• [Dataset section]:
[Start of section]

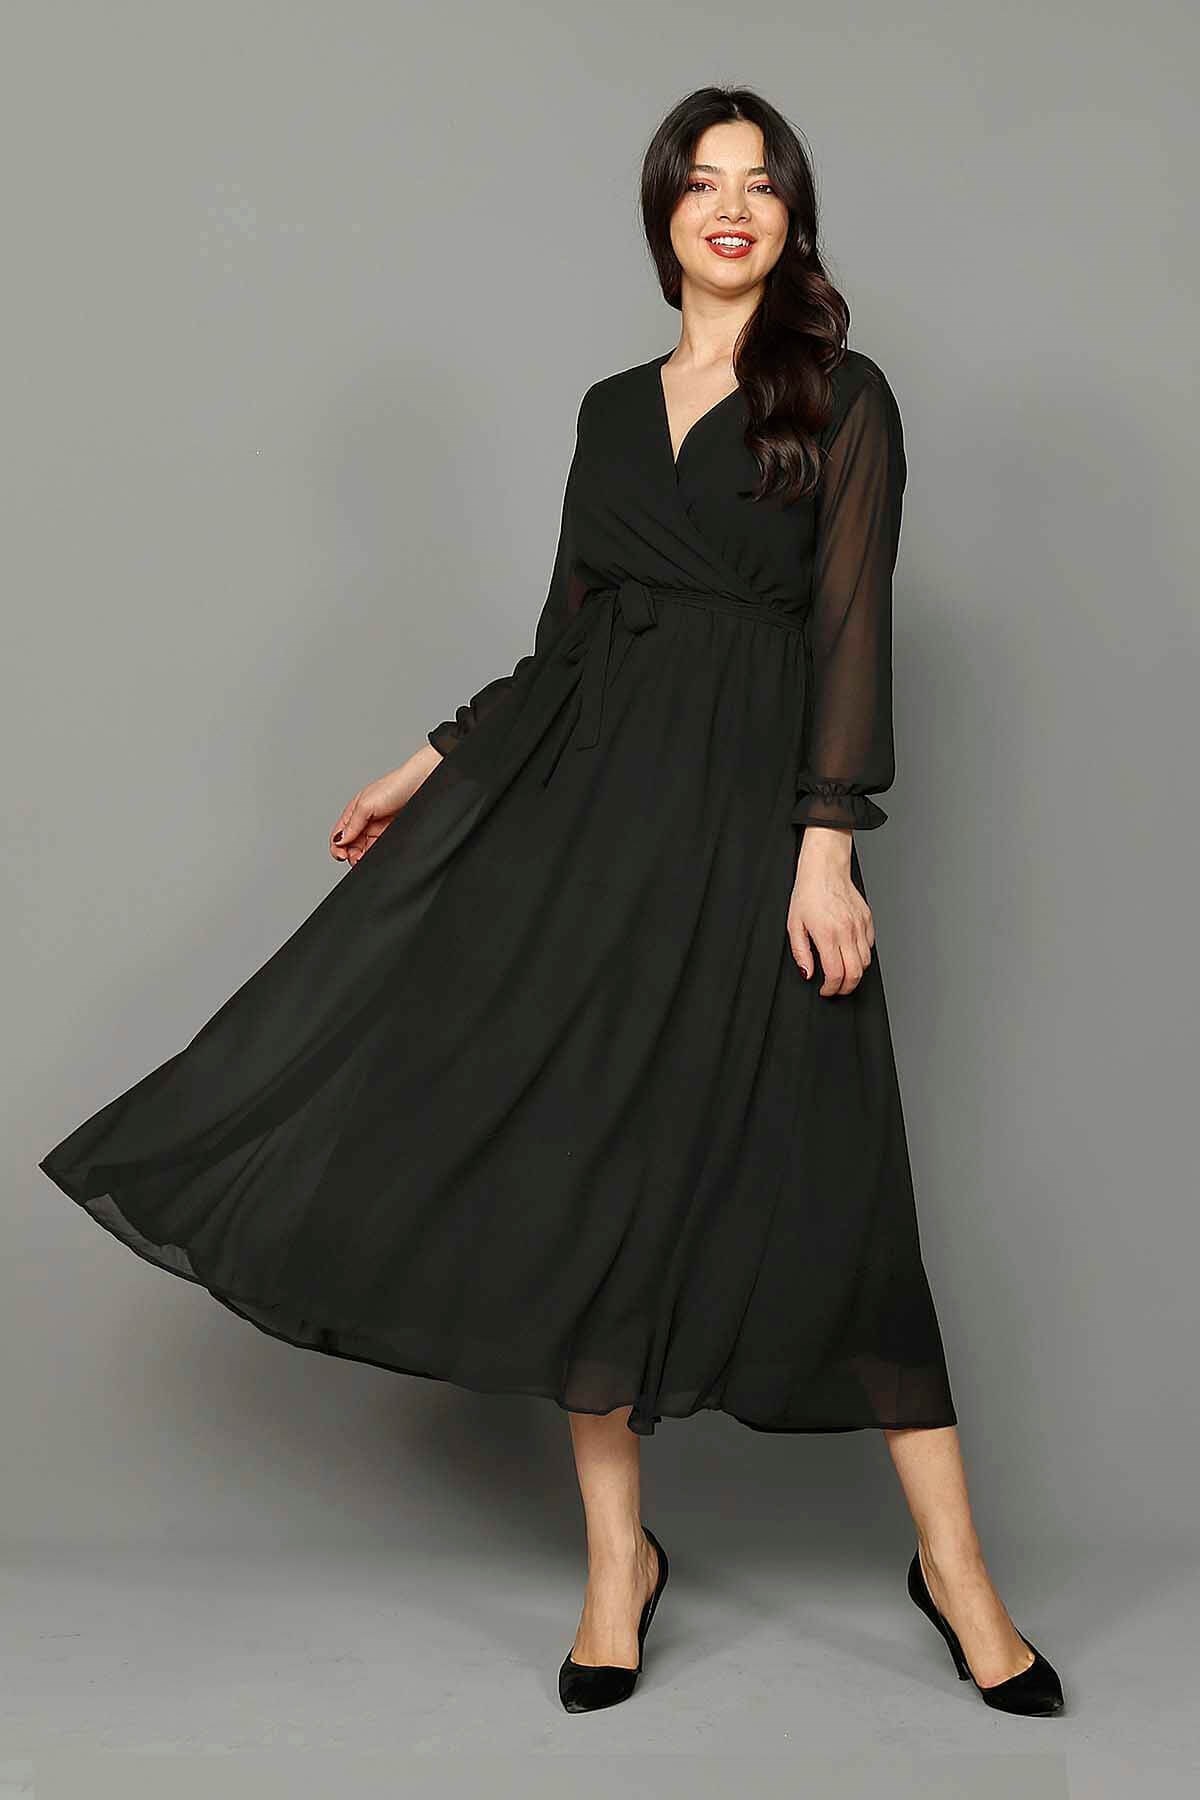 Siyah Şifon Elbise - Moda Kapımda İle Kapınızda!
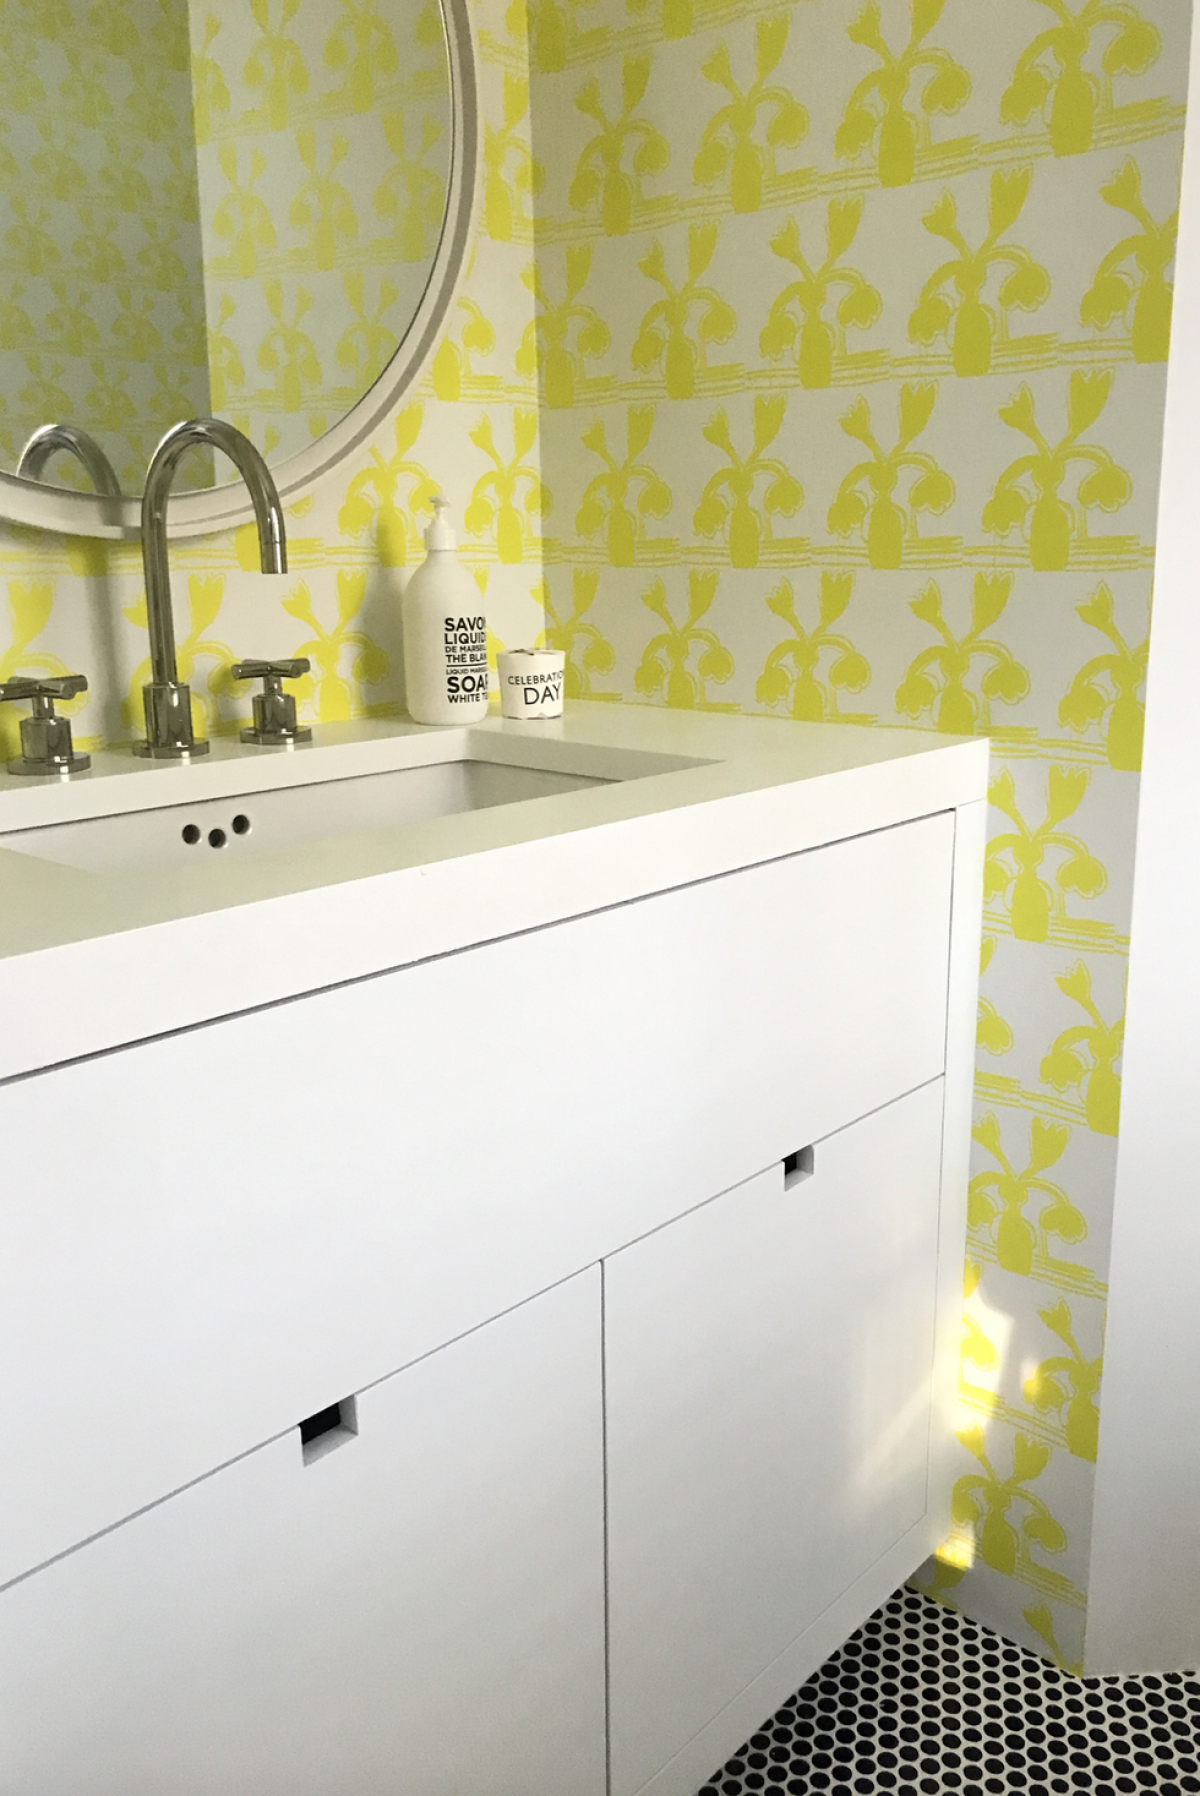  Thiết kế táo bạo cho phòng tắm dành cho trẻ em với cách kết hợp giấy dán tường màu vàng neon. Sử dụng giấy dán tường sẽ dễ lau dọn hơn so với sơn.
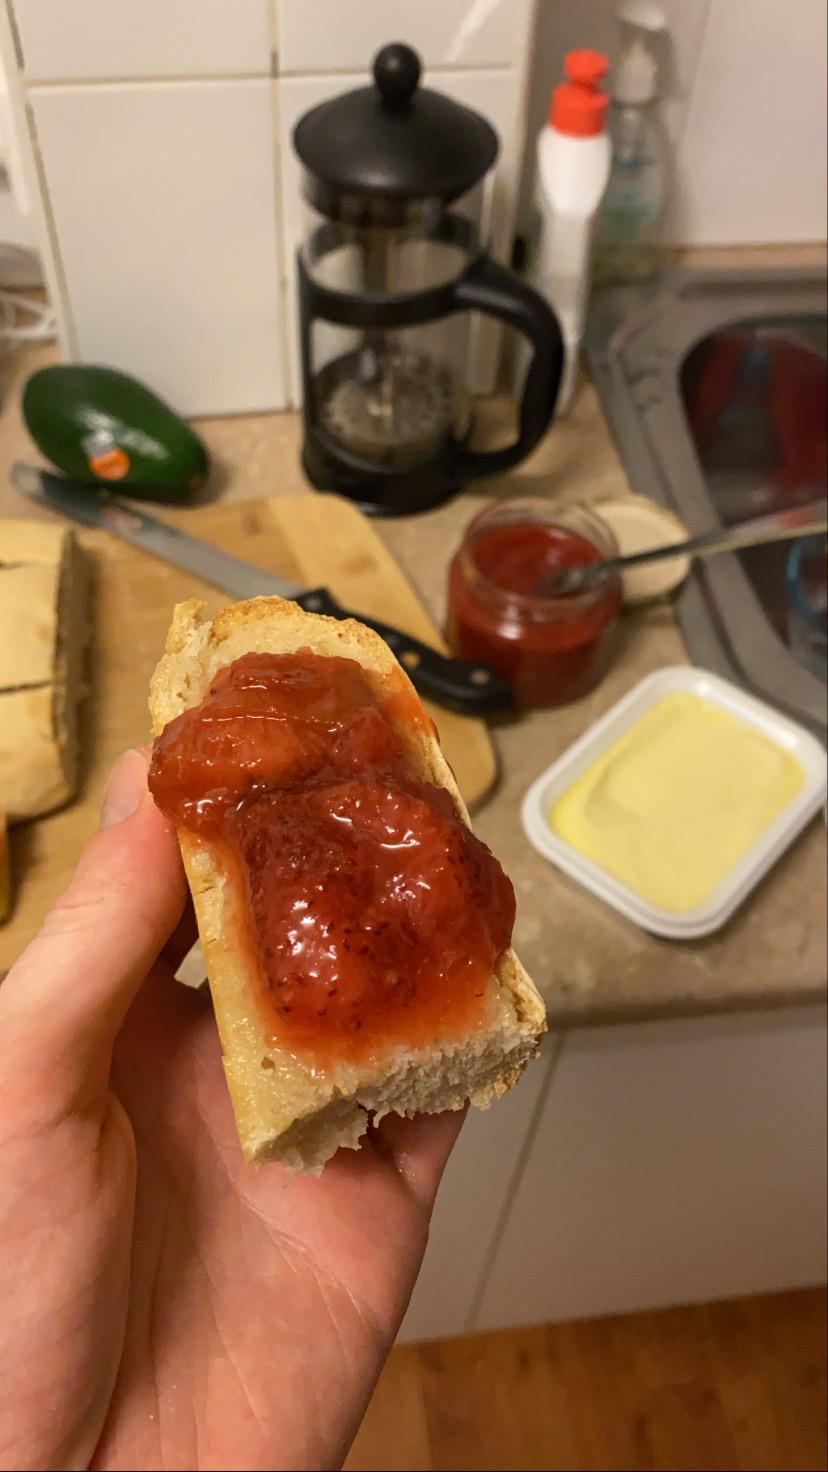 Sourdough with jam

[End of section]

• [About this exercise]: Repeat every line of the data above exactly, but drop the pictures.

• [Task answer]:
 Siyah Şifon Elbise - Moda Kapımda İle Kapınızda!
  Thiết kế táo bạo cho phòng tắm dành cho trẻ em với cách kết hợp giấy dán tường màu vàng neon. Sử dụng giấy dán tường sẽ dễ lau dọn hơn so với sơn.
 Sourdough with jam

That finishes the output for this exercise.